Book Review: Raising Happy Kids

Raising Happy Kids by Elizabeth Hartley-Brewer

Raising Happy Kids is a book that espouses
conventional wisdom about democratic parenting. It measures whether or
not something is effective with kids by whether it will increase
self-esteem, self-confidence and self-reliance. It speaks in favor of
parents retaining their parental role and providing boundaries for
their children. It also is in favor of helping kids get their needs met.
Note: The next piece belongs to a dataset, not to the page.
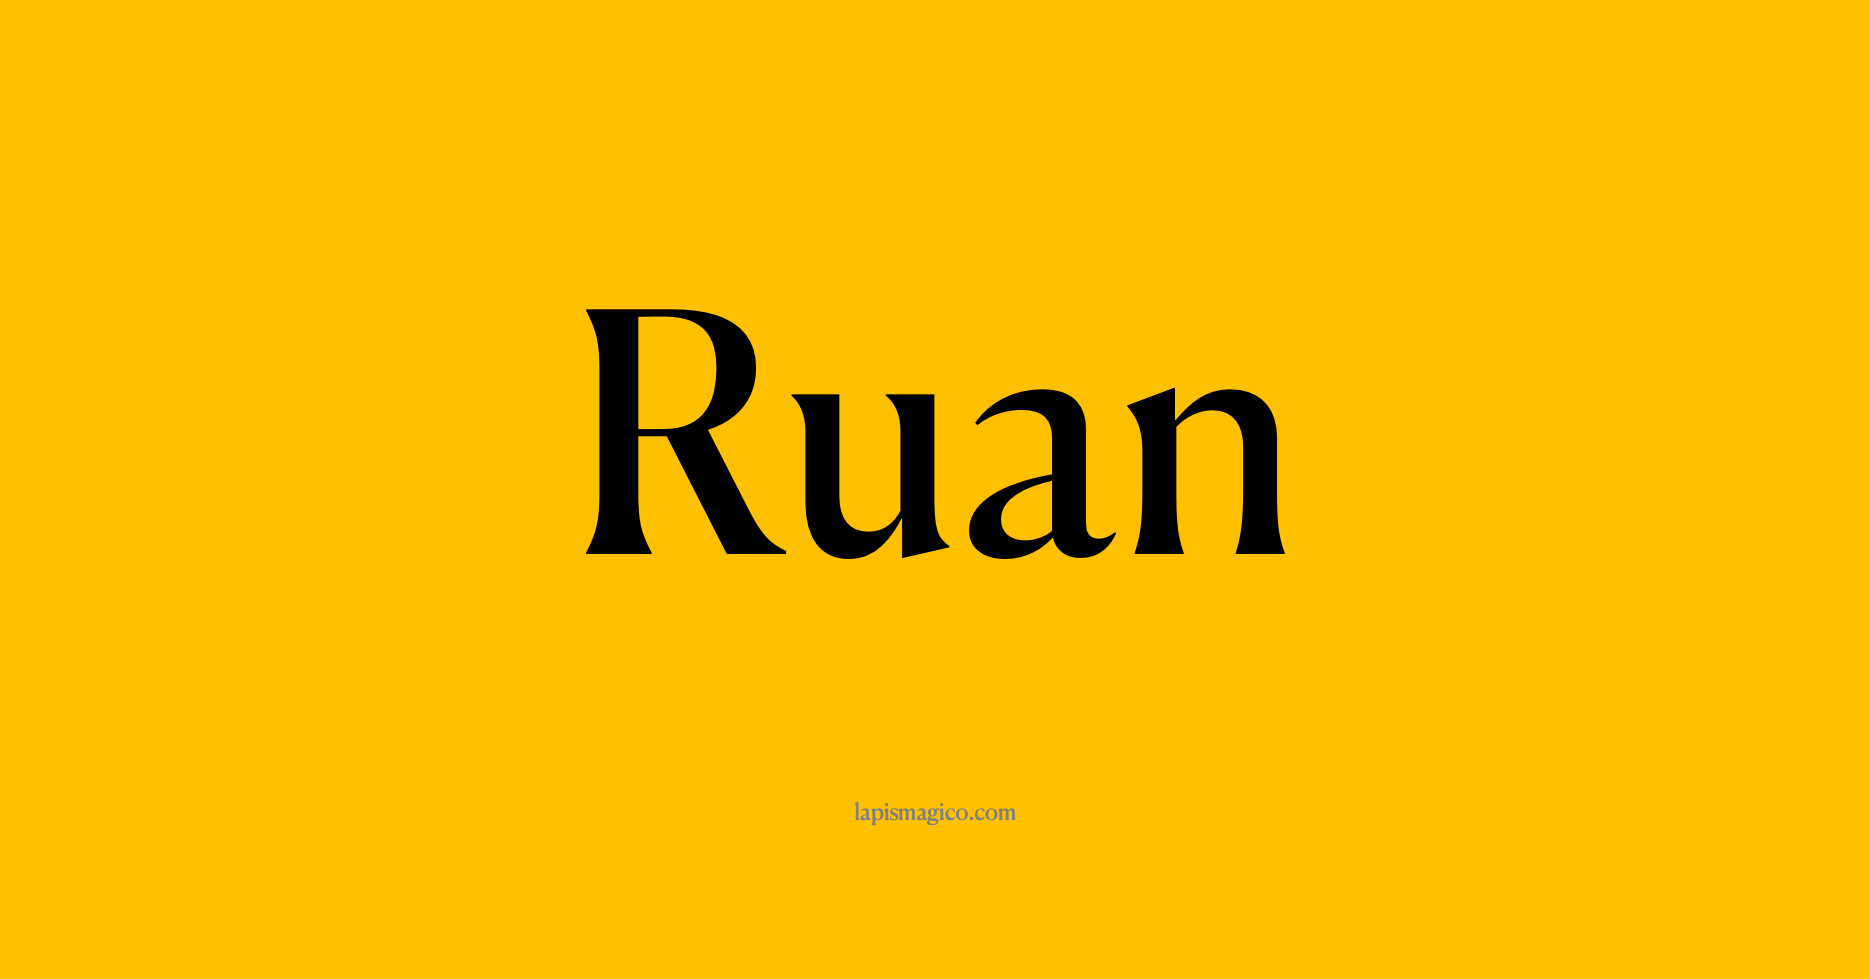 Nome Ruan
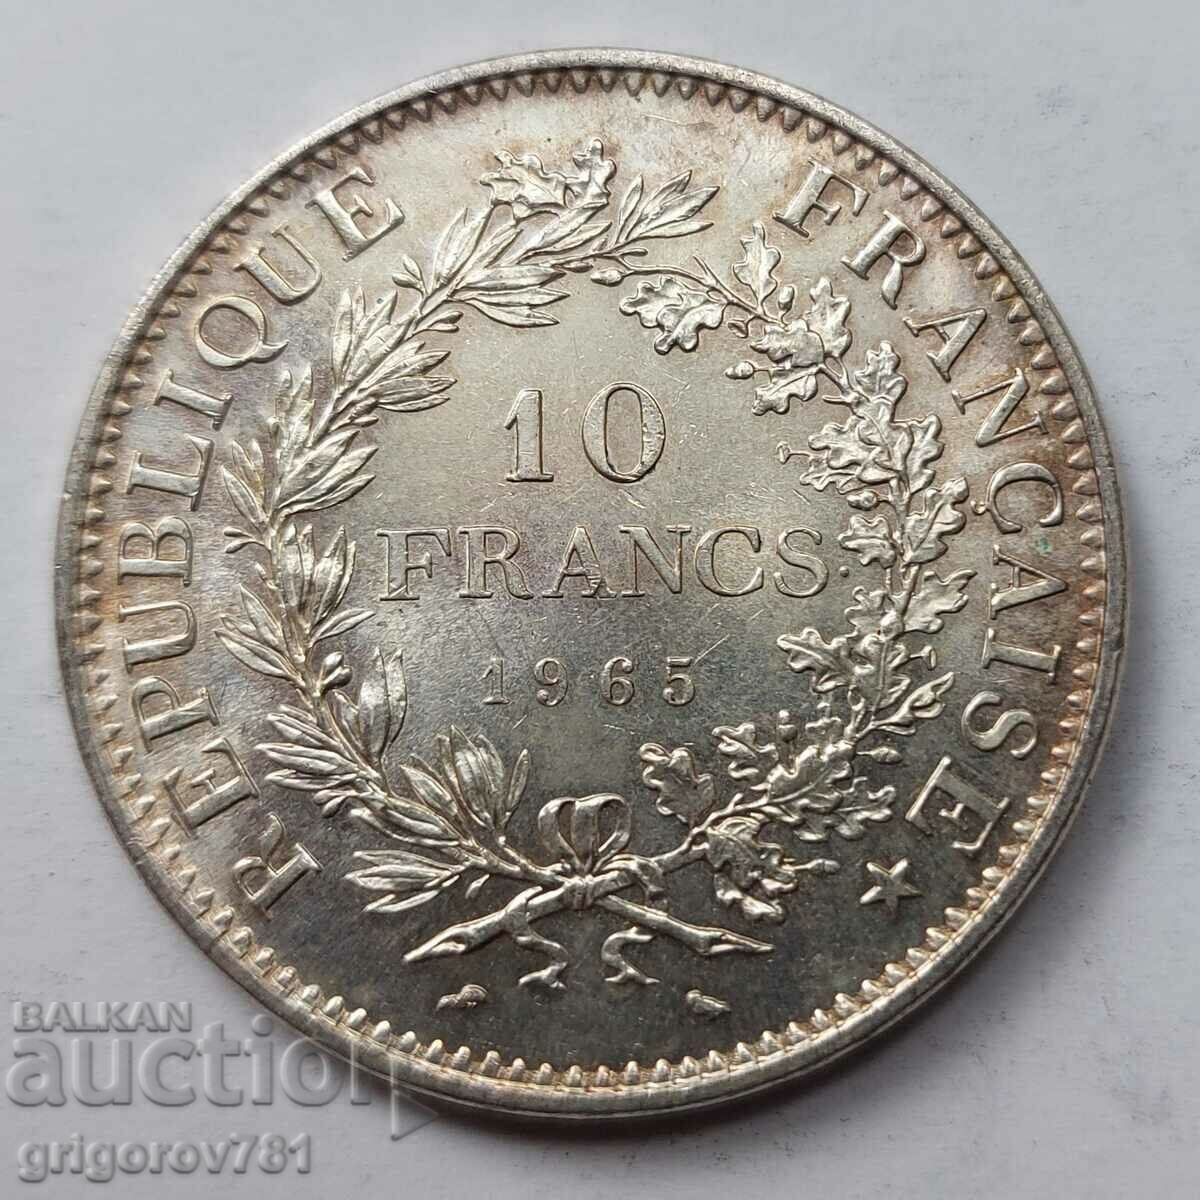 10 Φράγκα Ασήμι Γαλλία 1965 - Ασημένιο νόμισμα #53

Where this book departs from Empowerment Parenting is that it basically
says that parents’ needs are more important than the child’s and that
parents sometimes must exert their will over their child’s simply
because they are in charge and they are the parents. Many parents
operate under this assumption.

What Empowerment Parenting says is that every person, parents and
children alike, must get their needs met in some way. If parents decide
that their needs are more important than their child’s in a certain
situation and impose their will, then that child’s need goes unmet.
This sets up opportunity for all kinds of problematic behavior to occur
simply because the child is attempting to get his or her needs met in that
situation.

Occasionally, parents will need to impose their will
particularly when a child’s safety is at risk. Sometimes parents will
choose to make their needs more important when they are pressed for
time. This will most likely be all right as long as it doesn’t become a
regular routine. However, parents must be prepared to manage the fall
out.

Raising children is one of the hardest jobs you will
ever undertake and there is no instruction manual. We just do the best
we can. Working together with your children so you can both get what
you need in a responsible way is the primary message of Empowerment
Parenting. It will take more time and require more patience, but the
reward of cooperative children far outweighs the effort.